L’hypertrophie bénigne de la prostate est une manifestation naturelle liée à l’âge ; il s’agit donc d’une tumeur bénigne qui n’a rien à voir avec le cancer de la prostate.

N’empêche que cette « mandarine » qui grossit – le docteur Emeriau apprécie beaucoup les agrumes ! – peut s’avérer gênante. Lorsque le trouble est diagnostiqué par l’urologue, ce dernier propose d’abord un traitement médicamenteux. Lorsque cette prise de médicaments ne suffit pas, le recours à la chirurgie s’avère indispensable.

Les techniques existantes

L’intervention par les voies naturelles, via le canal urinaire, demeure la plus couramment pratiquée. On l’appelle la résection trans-urétrable de la prostate. Très efficace, cette technique n’est pas dénuée de complications, notamment de risques de saignements.

Lorsque la prostate est très volumineuse, l’urologue doit pratiquer une chirurgie ouverte afin de retirer la partie centrale de la prostate, responsable de l’obstruction. « Cette chirurgie expose, elle aussi, à des risques de saignements et de complications », indique le docteur Emeriau.

L’avantage du laser

Invention à porter au crédit d’Albert Einstein (en 1917), la technique du laser vient désormais au secours des urologues, en se substituant à la chirurgie intrusive lourde. Voilà de quelle façon…

D’une puissance de 180 watts, le laser Green Light (R) attaque l’hypertrophie de la prostate – appelée aussi adénome – en vaporisant le tissu touché sur une faible épaisseur, sur quelques millimètres seulement. Cette vaporisation entraîne peu d’inflammation et peu d’œdème immédiat. Elle coagule instantanément les vaisseaux, empêchant tout saignement.

Cette absence de saignement réduit le recours à la sonde dans la verge après l’intervention. Soit le patient n’en aura pas besoin, soit elle lui sera mise en place pour une durée très courte, de douze à quarante-huit heures.

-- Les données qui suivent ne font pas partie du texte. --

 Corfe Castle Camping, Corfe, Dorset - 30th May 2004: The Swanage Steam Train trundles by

L’hospitalisation postopératoire s’en trouve réduite : un à trois jours contre cinq à dix jours, en moyenne, avec les techniques classiques de chirurgie endoscopique. « Le traitement par laser s’avère donc particulièrement adapté pour les patients fragiles ou pour ceux prenant des anticoagulants », détaille le docteur Emeriau.

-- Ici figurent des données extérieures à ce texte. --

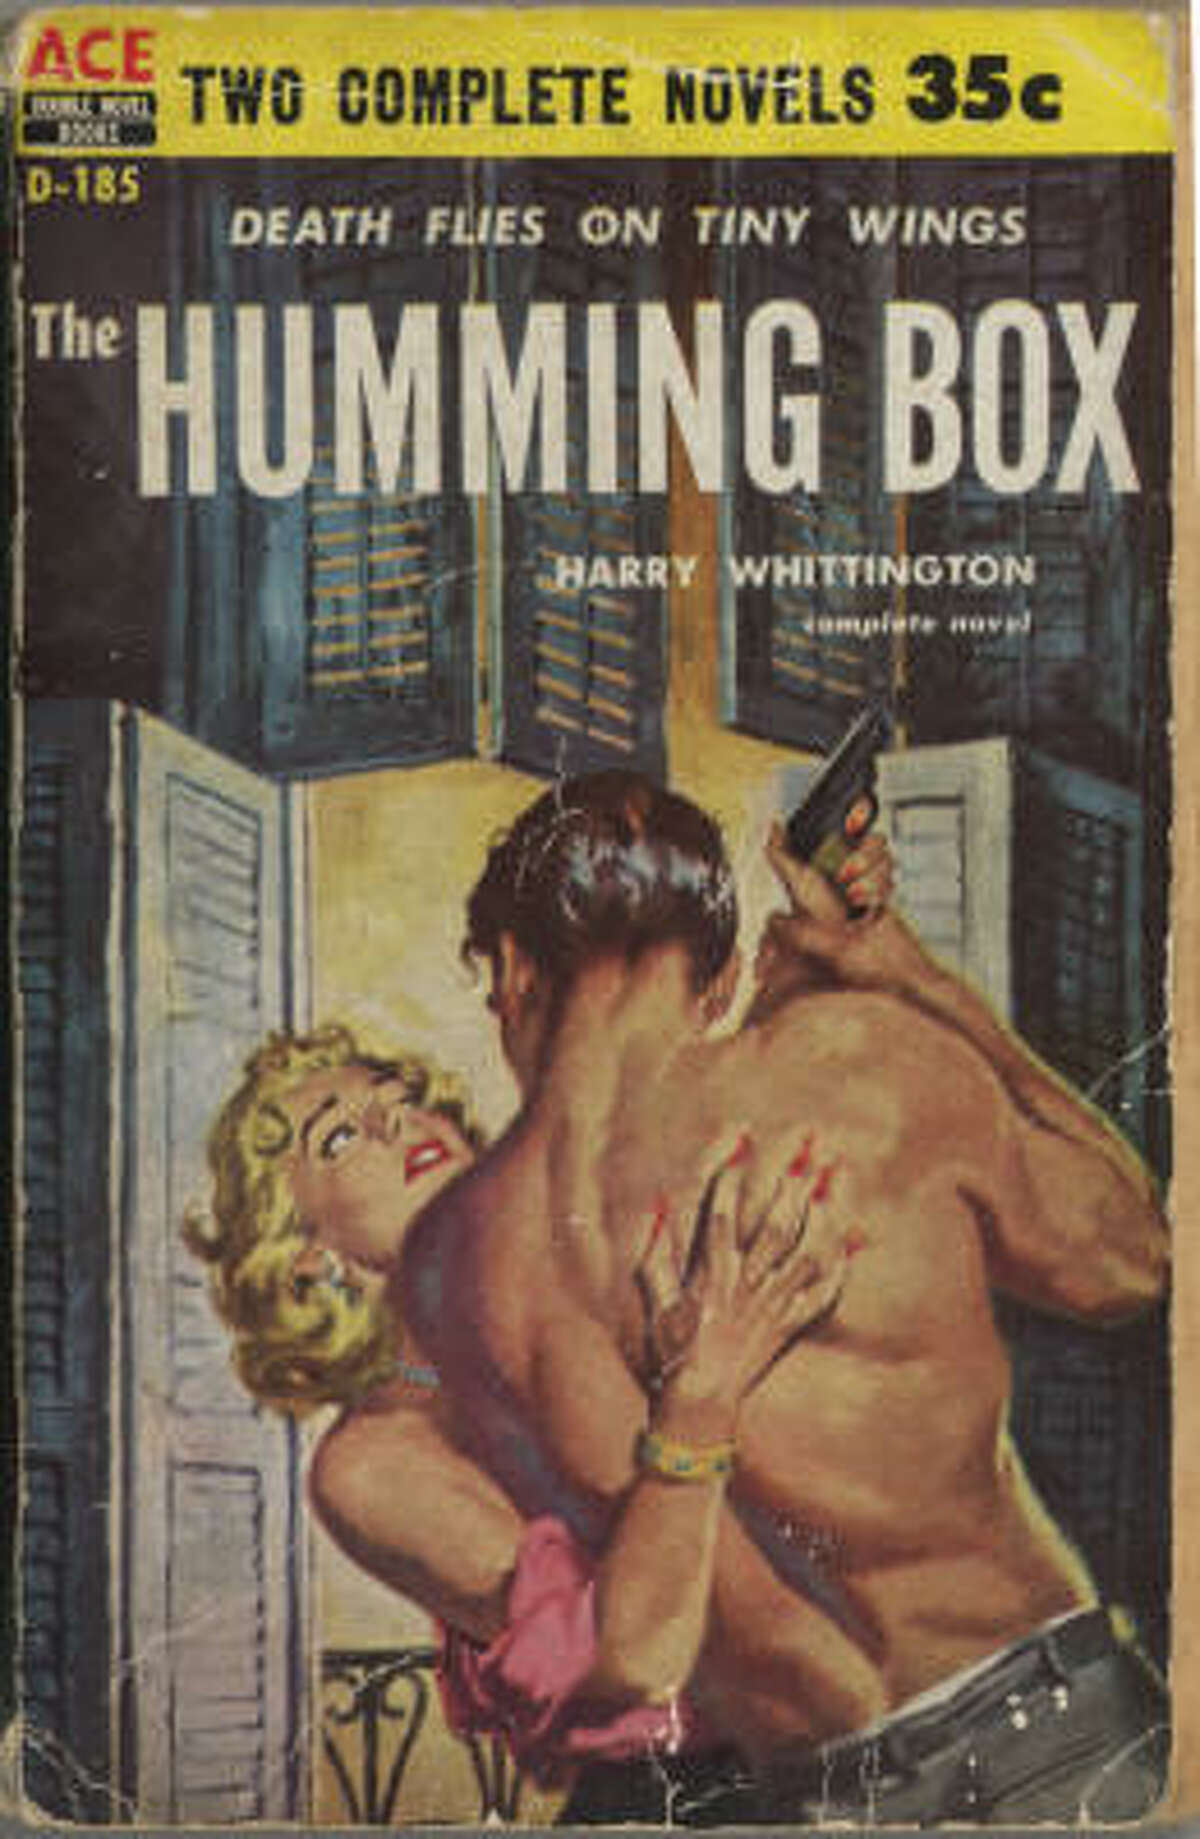 The Humming Box: The flip-side of the ACE Double, Build My Gallows High, this was by a well-known pulp crime writer.

« Nous faisons des envieux »

Autre avantage, le retour à une activité physique, sociale et professionnelle normale dans des délais très rapides alors qu’une convalescence pouvant aller jusqu’à trois semaines est prescrite lors d’un traitement par chirurgie ouverte.

Le Centre hospitalier de Saintonge est le premier, en Poitou-Charentes, à disposer d’un laser Green Light (R). « Nous faisons des envieux ! », sourit le chef du service urologie. En France, 40 hôpitaux utilisent, depuis 2010, cette technique de la vaporisation par énergie laser. « 72 % des patients traités quittent l’hôpital le lendemain de l’opération », indique encore le docteur Emeriau.

À Saintes, 23 hommes ont bénéficié, depuis janvier, de cette technique efficace mais encore coûteuse. La fibre laser utilisée pour chaque patient est, en effet, à usage unique.